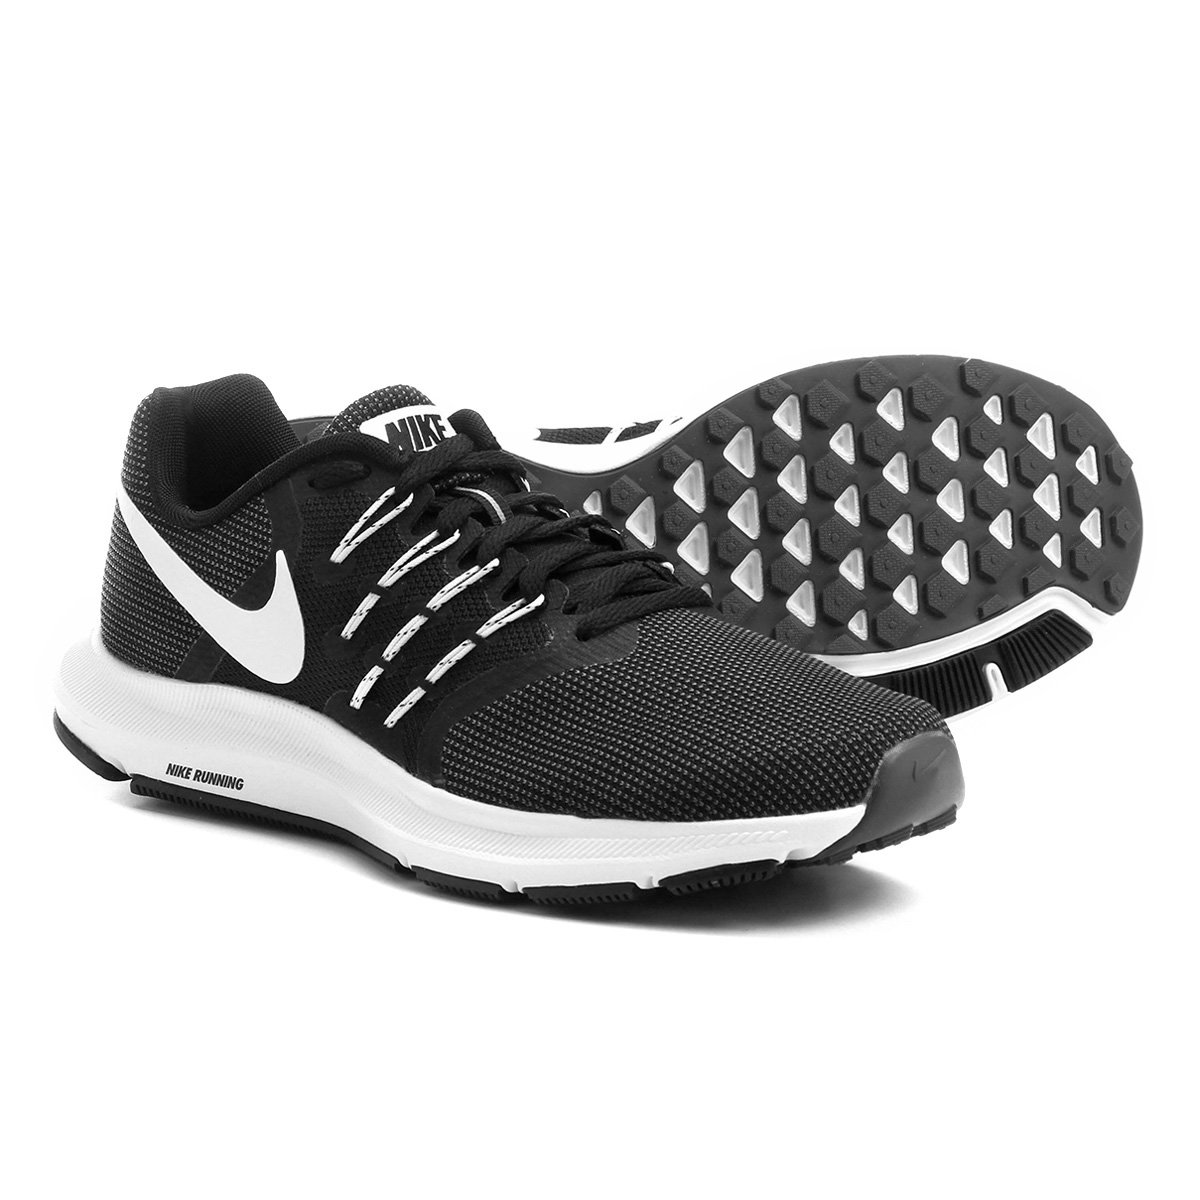 Tênis Nike Run Swift Feminino - Compre Agora  43b22303e86a9
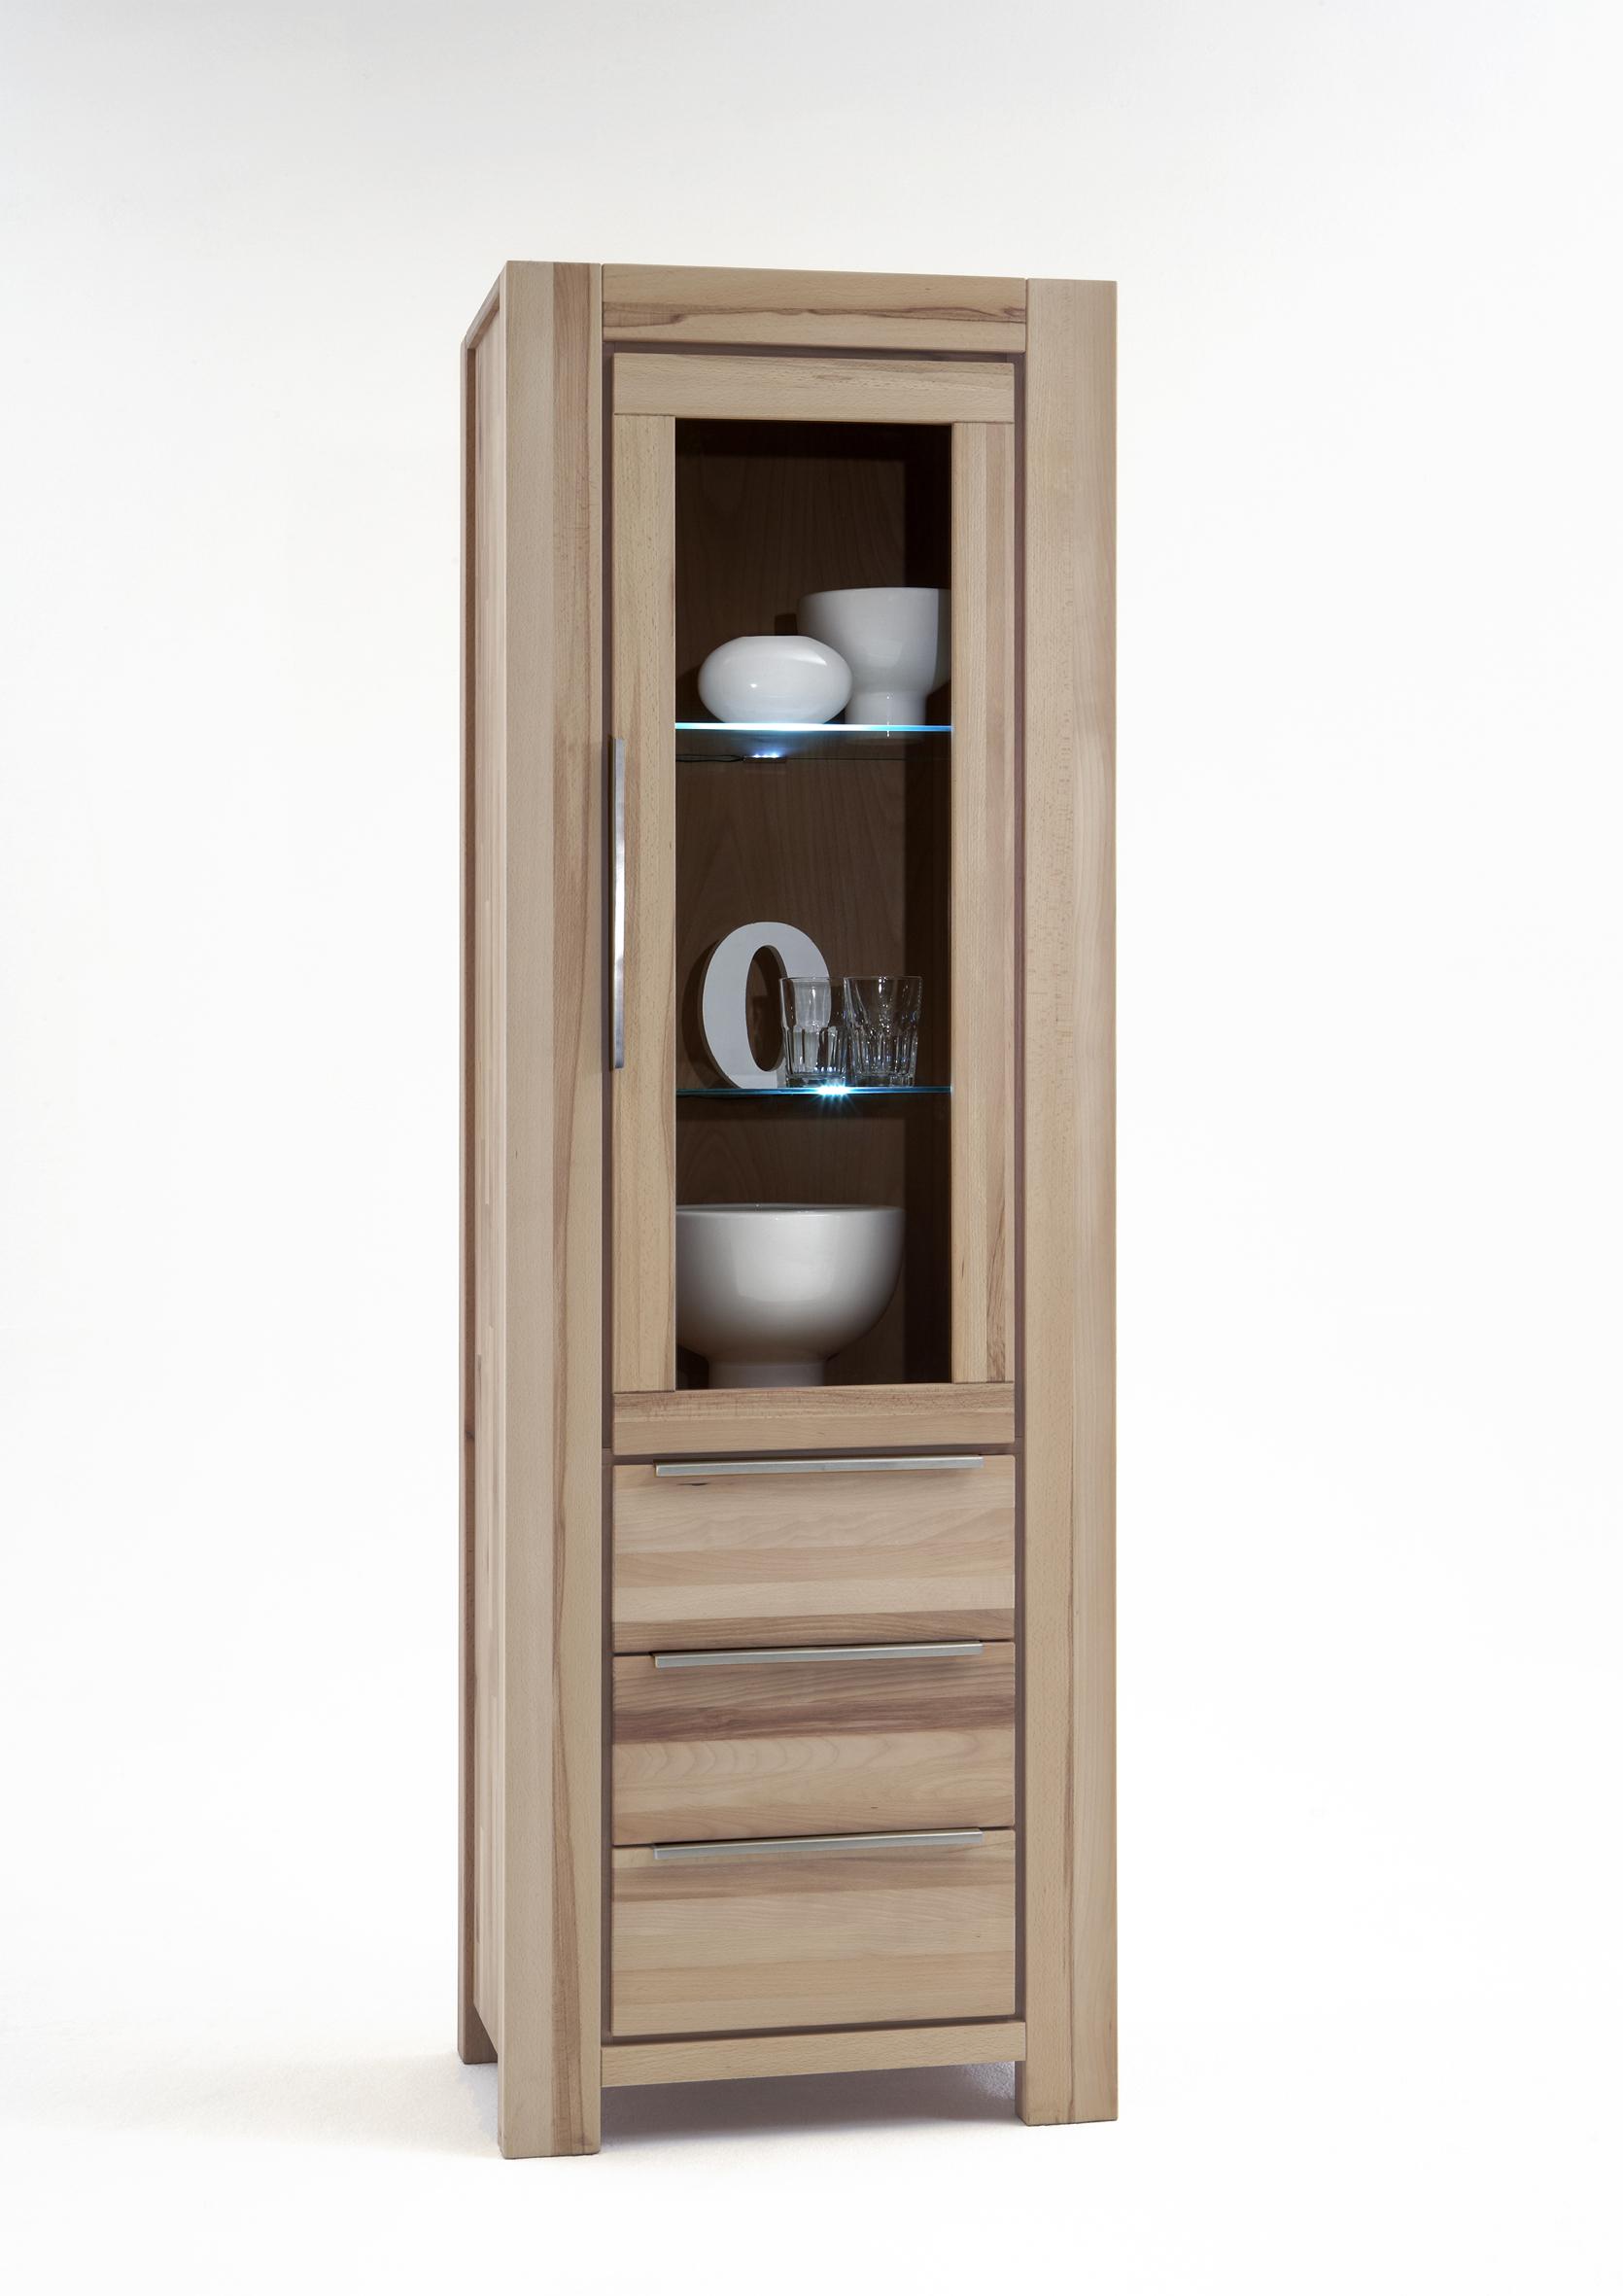 vitrine wildeiche sonoma s gerauh massivholz 2661 elfo. Black Bedroom Furniture Sets. Home Design Ideas
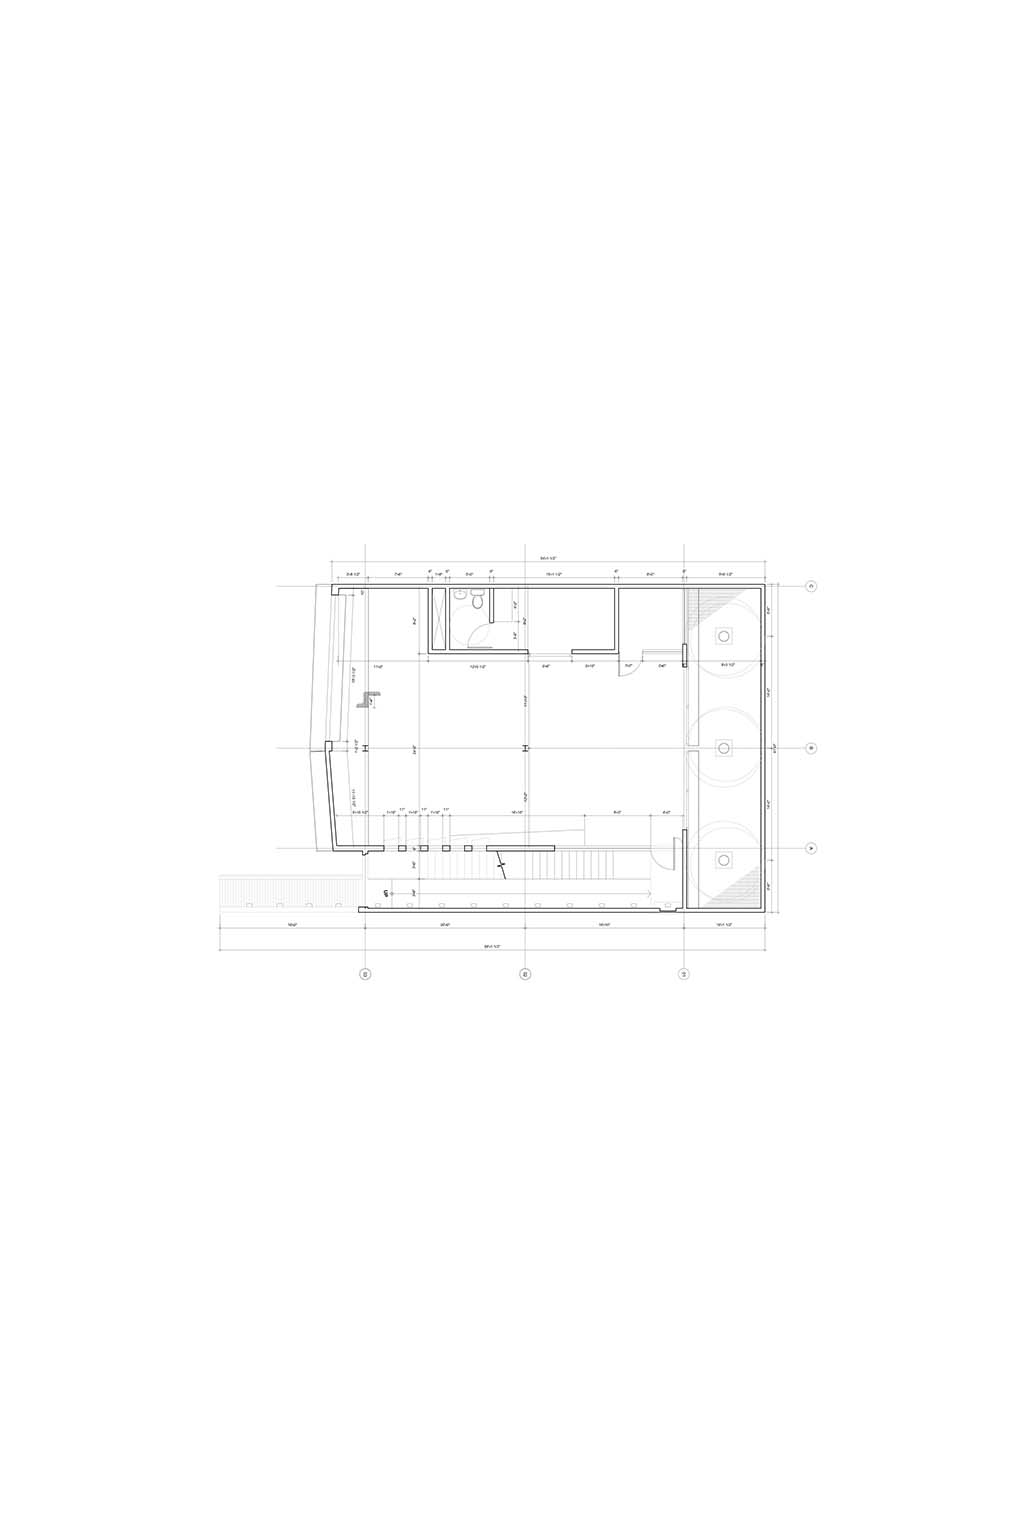 planta primer nivel-original_001

______________________________

> Task instructions:
Restate the data above word for word, omitting every picture.

> Written solution:
 Tênis Nike Run Swift Feminino - Compre Agora  43b22303e86a9
 vitrine wildeiche sonoma s gerauh massivholz 2661 elfo. Black Bedroom Furniture Sets. Home Design Ideas
 planta primer nivel-original_001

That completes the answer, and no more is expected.